A New Look at the Generalized Distributive Law

Wednesday, August 8, 2001 - 11:00am - 12:00pm
Keller 3-180
Vankat Anantharam (University of California, Berkeley)
(Joint work with Payam Pakzad).

The Generalized Distributive Law provides an algorithm for solving the problem of marginalizing a function of several variables over certain subsets of those variables. It has been recognized as underlying a number of important algorithms that are widely used in physical layer communications, such as the BCJR algorithm, the Viterbi algorithm, certain fast transforms, etc.. Convergence of the algorithm to the correct answer is known if a certain junction tree condition holds, and it is generally necessary to force this condition by grouping variables, which results in a provably convergent algorithm of higher complexity. However, it is also the practice in several important applications to avoid such grouping of variables, thus using lower complexity versions of this algorithm even though no one knows the conditions for convergence to the correct answer. This is the case, for instance, in some popular decoding algorithms for turbo codes and low density parity check codes.

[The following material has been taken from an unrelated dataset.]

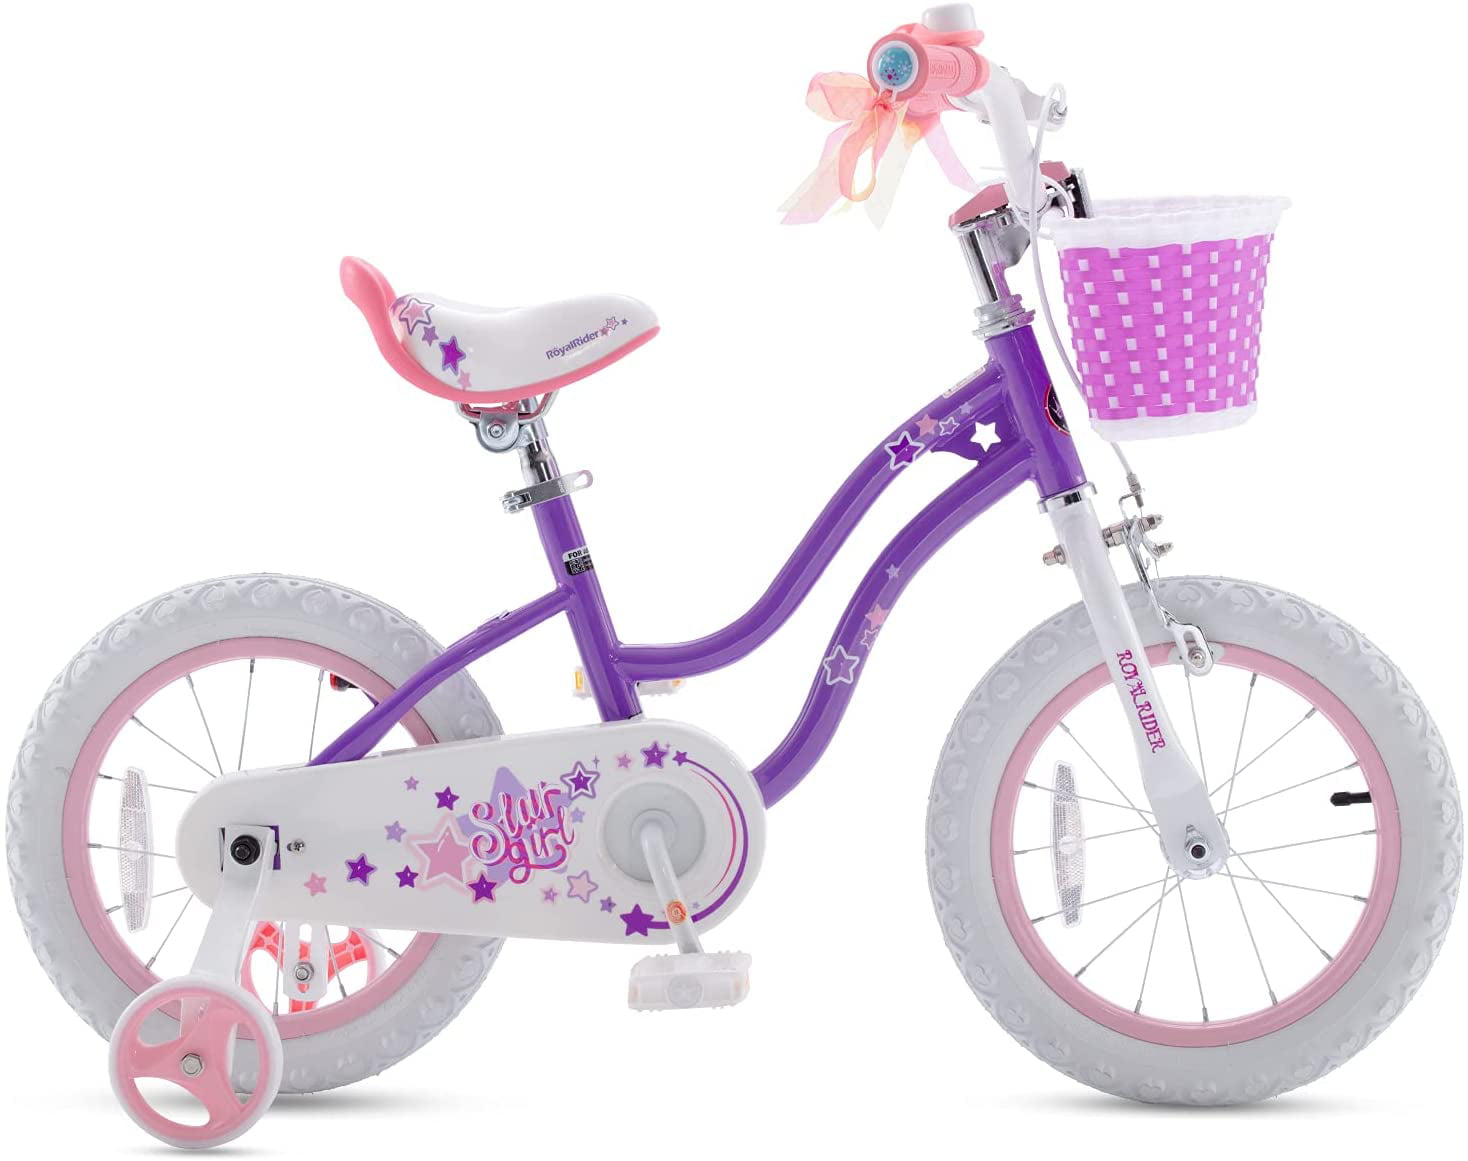 RoyalBaby Girls Kids Bike Stargirl 12 14 Inch Bicycle with Basket Training Wheel

We decided to take a fresh look at the problem that the GDL attempts to solve by reformulating the marginalization problem in a broader context. In the process we have developed a parallel theory to the existing one which includes the current one as a special case. It is of particular interest that our theory offers a novel way to force (an analog of) the junction tree condition and appears to be able to do so without taking such a big complexity hit. Thus our theory leads to new algorithms which are provably convergent. Also, in some of the examples we have examined, such algorithms seem to offer significant improvements over the provably convergent algorithms that would be derived using the current theory.

Developing more convincing examples (if such exist !) is ongoing work. In this talk our theory will be presented together with such examples as we currently have.